Somewhere around mile 22
I knew my dad, Monte, and Mary were near the 40K sign, and I was able to spot them, which was great.  Since by that point I was pretty much jogging, I'd decided to stop to hug them.  I normally wouldn't want to add extra seconds to my time, but I really wanted them to know how much it meant to me that they were there to support me.  I think they were surprised by that, and Monte yelled, "Go! Go!"  Definitely 15 seconds well spent. 

Mile 24.5
With some energy from seeing my family, the knowledge that I only had a mile and a half to go, and the amazing crowd support, the last mile, though one of my slowest, was also one of my favorites.

The Citgo sign: The end is near!!
Somewhere in the 25th mile, I passed Larry Chloupek.  It is absolutely amazing to see what people can accomplish if they put their minds to something.

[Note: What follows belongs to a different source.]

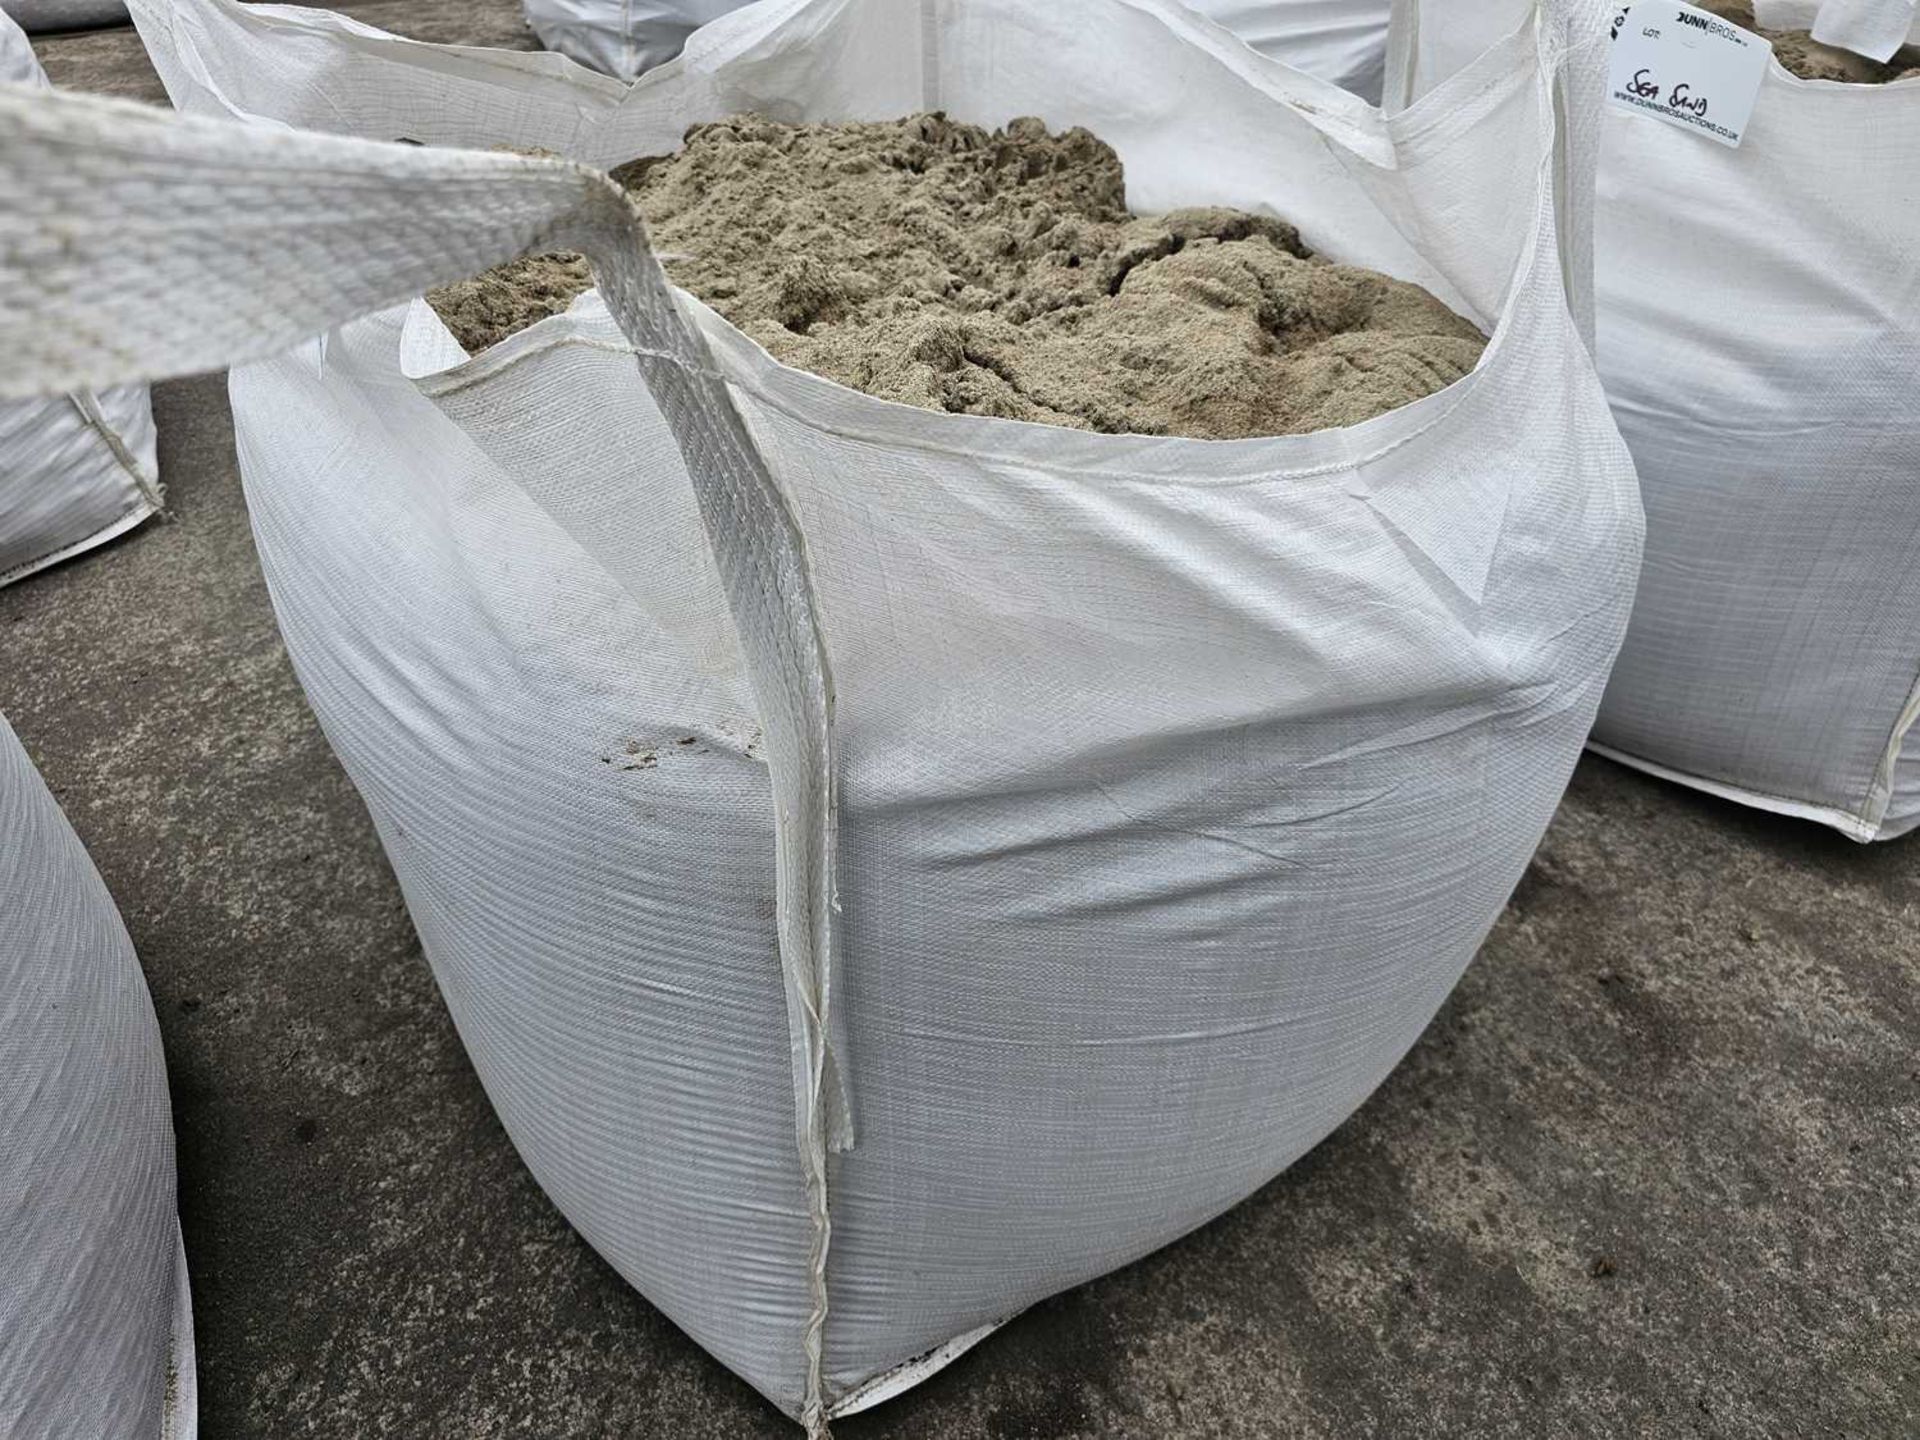 Bulk Bag of Sea Sand - Image 2 of 2
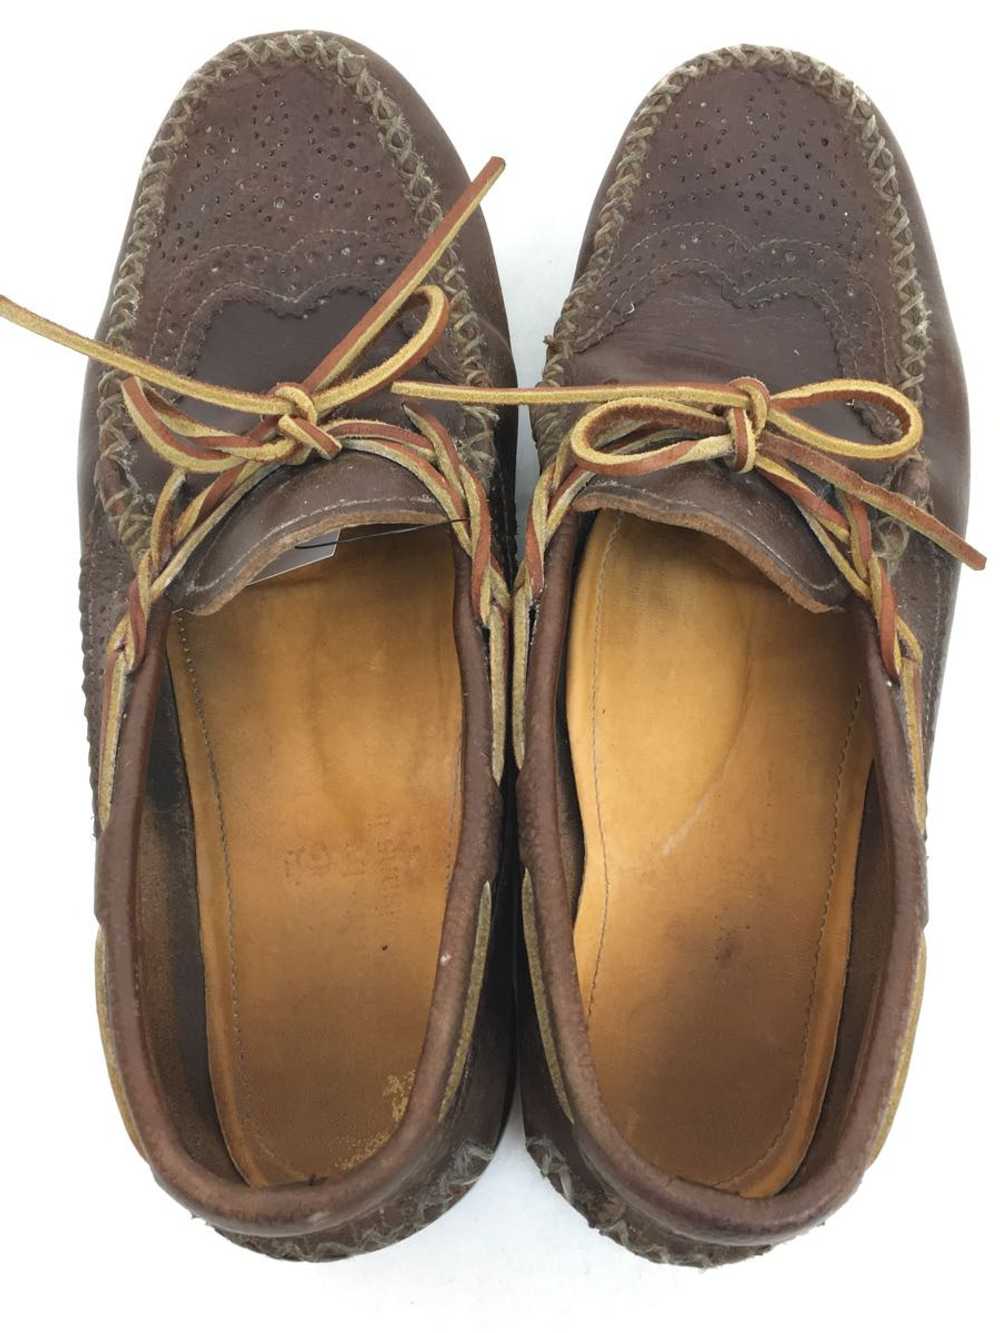 Yuketen Shoes/--/Brw/Leather Shoes - image 3

As I made the final turn onto Boylston St, I caught a glimpse of bright orange to my left and looked over to see Jenn.  I yelled over to her, but the crowd noise on Boylston was crazy.  She took off with a sprint to the finish and I thought it would be nice to finish together, so I sped up too.  That lasted about 10 seconds, and I gave up the chase, and finished just behind her in 3:31:41.  Last year I had what felt like a Jimmy V moment... running around looking for someone to hug after they put that medal around my neck, so it was great to have a friend there.  

We collected our medals, ponchos, food bags, and water, and waddled over to the Arlington St Church, where we'd planned to meet up with our families and fast teammates who'd started in wave 1 and long since finished.  

I cannot say enough good things about my 2014 Boston Marathon experience.  I loved almost every second of it (though my quads might beg to differ), and am so glad that I decided to make a return trip.

Bull City Track Club representing in Boston

Two Boston Marathon finishers in the family!
I have the best dad and husband a girl could ask for
It's amazing what a difference a shower can make!